Никон умел добиваться своего. С 1653 года в память Филиппа-митрополита в Успенском соборе стали проходить торжественные службы с участием патриарха и царя. В Кремле, на месте храма Соловецких чудотворцев, Никон возвел церковь во имя апостола Филиппа, тезоименитого московскому святителю-митрополиту. Он также построил церковь во имя Филиппа в своем любимом Иверском Валдайском монастыре. Наконец, службы святителю Филиппу были внесены в церковные служебники и приобрели официальный и обязательный характер[179].
Культ святителя Филиппа свидетельствовал о политических симпатиях Никона. Больше того, здесь присутствовала фундаментальная для Средневековья идея уподобления: Никон брал за образец земной путь московского митрополита и в дальнейшем все перипетии собственной жизни соизмерял с его судьбой. В 1660 году в письме своему любимцу, патриаршему боярину Зюзину, он писал о «первообразных», чью злую участь — неправедное гонение от власть предержащих — он разделил. Перо Никона выстроило список от Иоанна Златоуста до «здешни Филиппа митрополита», в который, вольно или невольно, опальный патриарх включал и свое имя[180].
Если прах Гермогена находился в Кремле в Чудовом монастыре, то за прахом Иова и Филиппа надо было снаряжать настоящие посольства в Старицу и на Соловки. Последнее возглавил сам Никон. Выглядело это вполне естественно: сравнительно молодой, полный энергии и сил митрополит отправлялся в далекую обитель, находившуюся в пределах его епархии. К тому же Никон — выходец из Анзерского скита, тянувшегося к Соловкам. Но можно не сомневаться, что Никон отправлялся в далекий путь, подчиняясь еще и собственному душевному порыву.
Посольства за мощами Иова и Филиппа были устроены по одному образцу. Их возглавляли архиереи и бояре с многочисленной свитой из духовных и светских лиц. Оба посольства везли послания со словами покаяния и просьбой о прощении. Но на этом сходство кончалось. Уже упомянутое царское послание Филиппу сильно отличалось от патриаршего, отправленного в Старицкий монастырь, где московский первосвященник молил Иова «прибыть» к своей пастве.

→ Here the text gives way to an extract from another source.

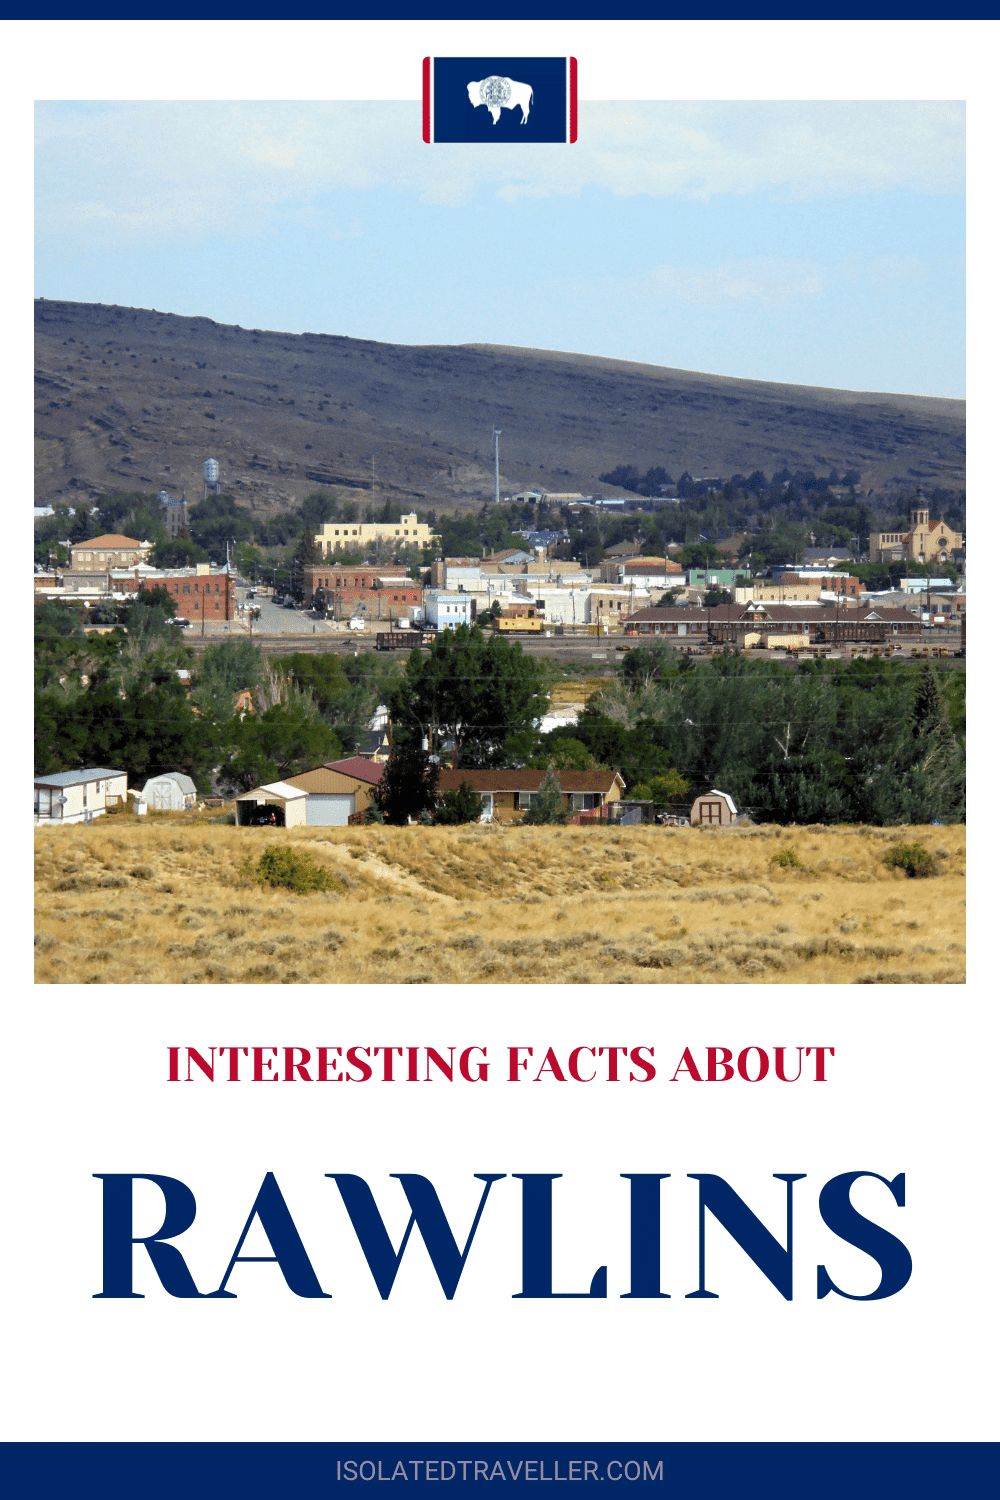 Facts About Rawlins, Wyoming
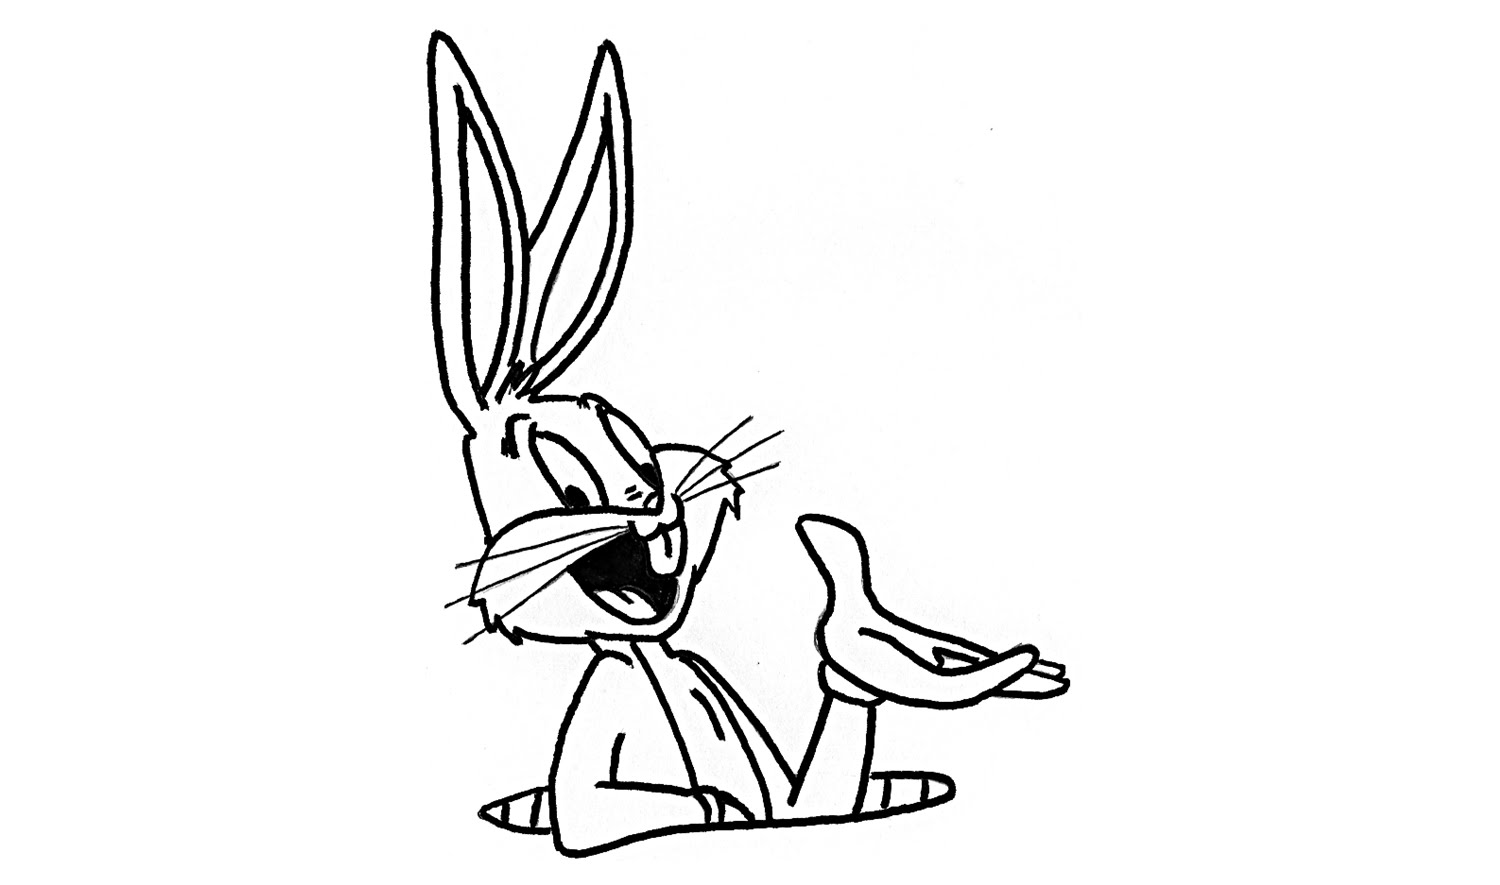 How to Draw Bugs Bunny from Looney Tunes - YouTube

Алексей Михайлович приносил публичную повинную перед гробом митрополита за «согрешения прадеда нашего», царя Ивана Васильевича. Стиль мышления требовал опереться при создании подобного послания на аналоги из прошлого. Пример был найден достойный: в свое время византийский император Феодосий молил о прощении перед гробом Иоанна Златоуста за гонения, к которым оказалась причастной его мать. Это вдохновило царя на пространную сентенцию: с преклонением царского сана за согрешение — изгнание святителя, с искренним раскаянием и надеждой на прощение[181].
То, что царь черпал свое вдохновение в прошлом, видно из его собственного признания боярину Н. И. Одоевскому: Алексей Михайлович сравнивал себя с императором Феодосием, перенесшим мощи Иоанна Златоуста в Константинополь[182]. Но нельзя не заметить известной разницы в позициях Никона и Алексея Михайловича. Это различие, правда, пока еще в акцентах, в ударении. Однако это именно та разность, которая в конце концов дорастет до размеров пропасти и разведет царя и патриарха.
В Послании Филиппу-митрополиту говорится о единстве («несть никакого разделения») и о согласии, которые наступят после покаяния. Покаяние, таким образом, условие «единомыслия», социального мира — темы вообще популярной после Смуты и к тому же злободневной из-за недавних городских восстаний. Эта мысль была близка Тишайшему и без Никона и не могла вызвать никаких споров. Истоки несогласия и разномыслия в другом — в оценке согрешения правителей. Иван Грозный согрешил, низвергнув Филиппа. Но, по Алексею Михайловичу, он сделал то «неразсудно завистию и неудержанием ярости». Приговор же Никона категоричнее: царь Иван «возненавиде» митрополита за правду и, опалясь, поступил с ним «неправедно».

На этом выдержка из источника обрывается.